DESCRIPTION OF EMBODIMENTS OF THE INVENTION
[0023] An NDMA scalable archive system for load balancing,
independent processing, and querying of records in accordance with
the present invention comprises a front end receiver section, a
front end balancer section, at least one back end receiver section,
and at least one back end handler section. The system partitions
processing into a number of independent steps. The system provides
processor level independence for every subcomponent of the
processing requirements. For example, nodes can process records
independently of each other. The system utilizes parallel
processing and multithreading (i.e. can process multiple records
simultaneously) both within load balancers that direct traffic to
other nodes and within all processes on the nodes themselves.

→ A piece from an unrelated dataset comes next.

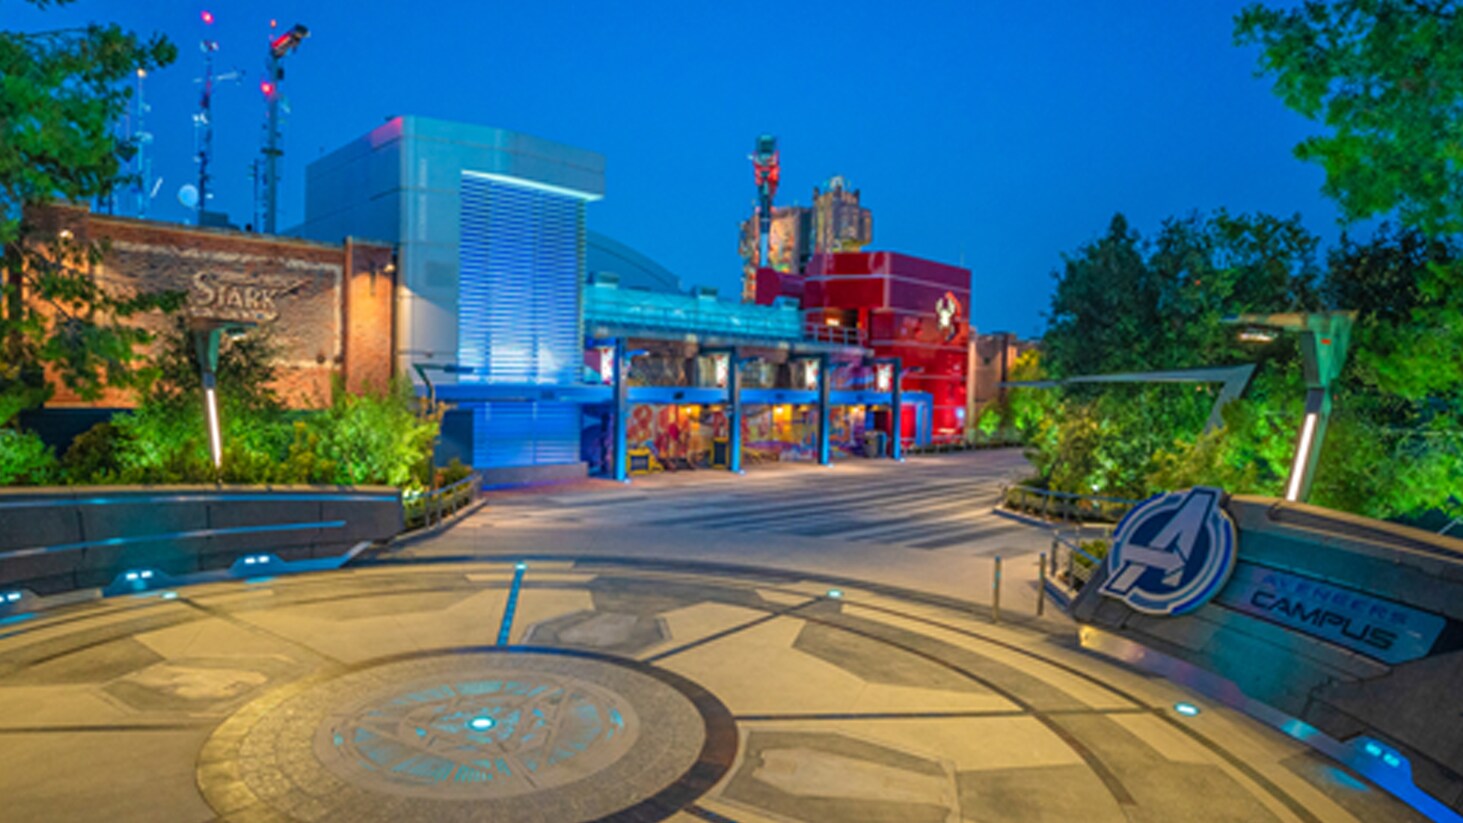 Disneyland Resort abrirá um espaço completamente novo, o Avengers Campus, que dá as boas-vindas aos recrutas de super-heróis a partir de 4 de junho de 2021
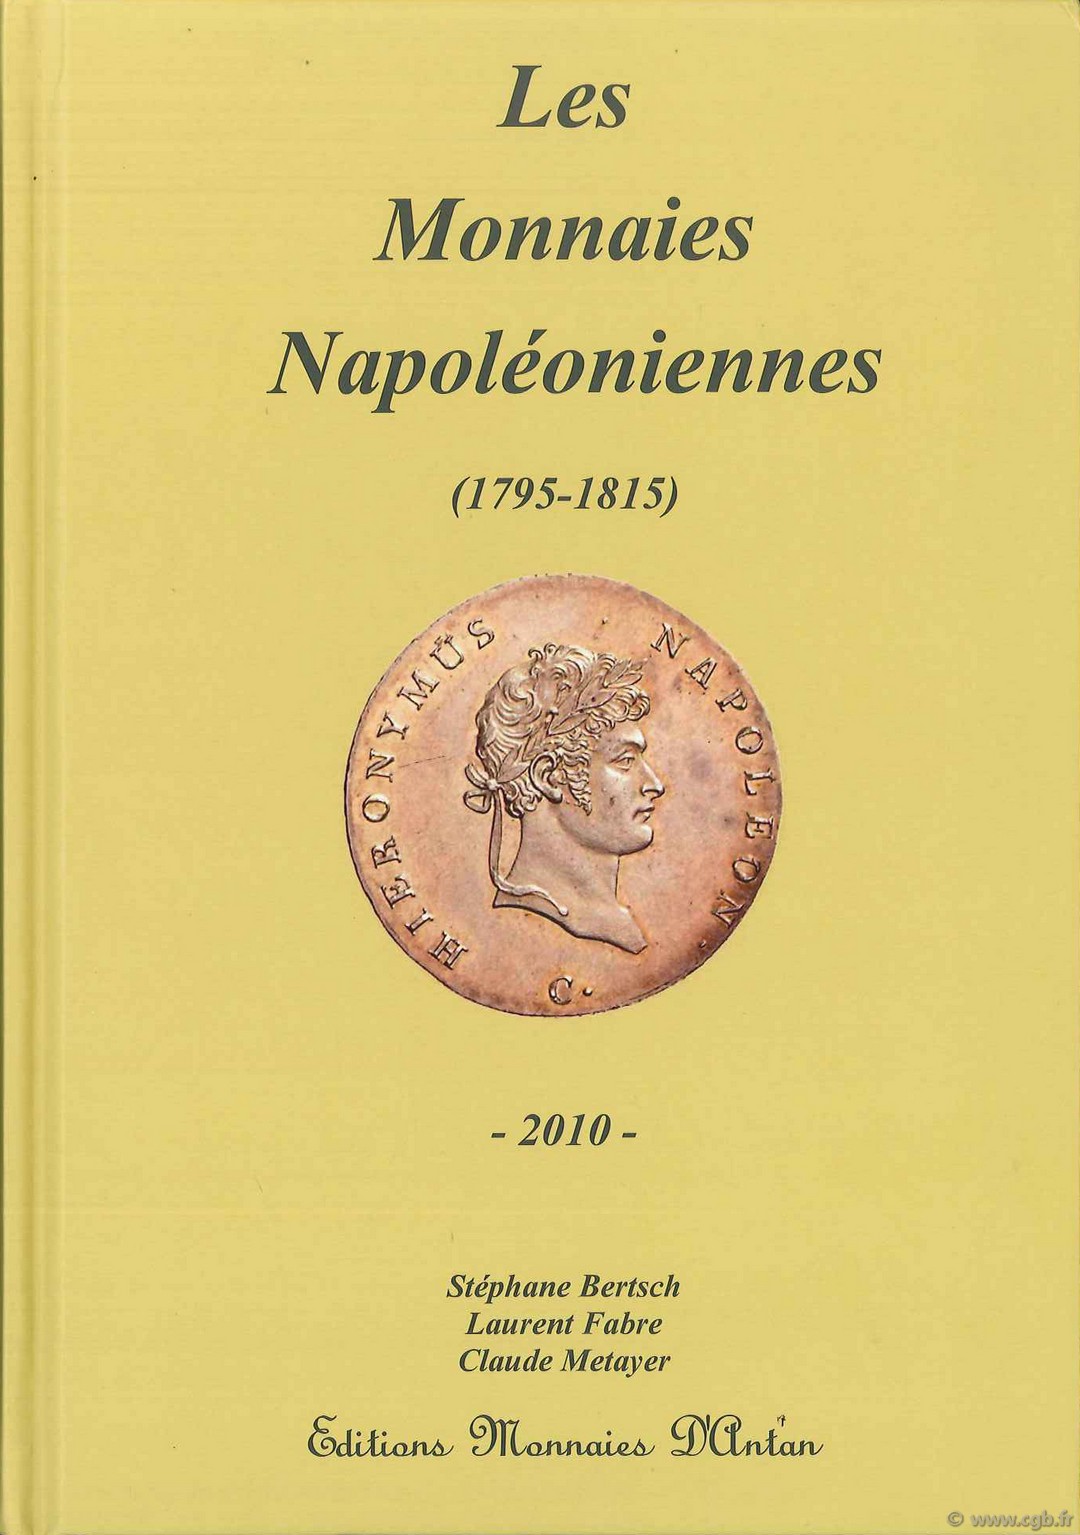 Les Monnaies Napoléoniennes (1795-1815) BERTSCH Stéphane, FABRE Laurent, METAYER Claude

Processing is determined from lists of available processor nodes.
The list of processor nodes can be modified (expanded or reduced)
to meet capacity requirements. Subsets of the storage collection
(stored data) are independently managed by individual nodes. Data
is moved between processing steps through persistent queues (i.e.,
data is stored on disk before the storage completion is
acknowledged). Socket communications are utilized between processes
so that processes can operate simultaneously on one node or can be
transparently spread across multiple nodes. This applies to nodes
that are geographically dispersed or to nodes that are
heterogeneous in hardware or operating system.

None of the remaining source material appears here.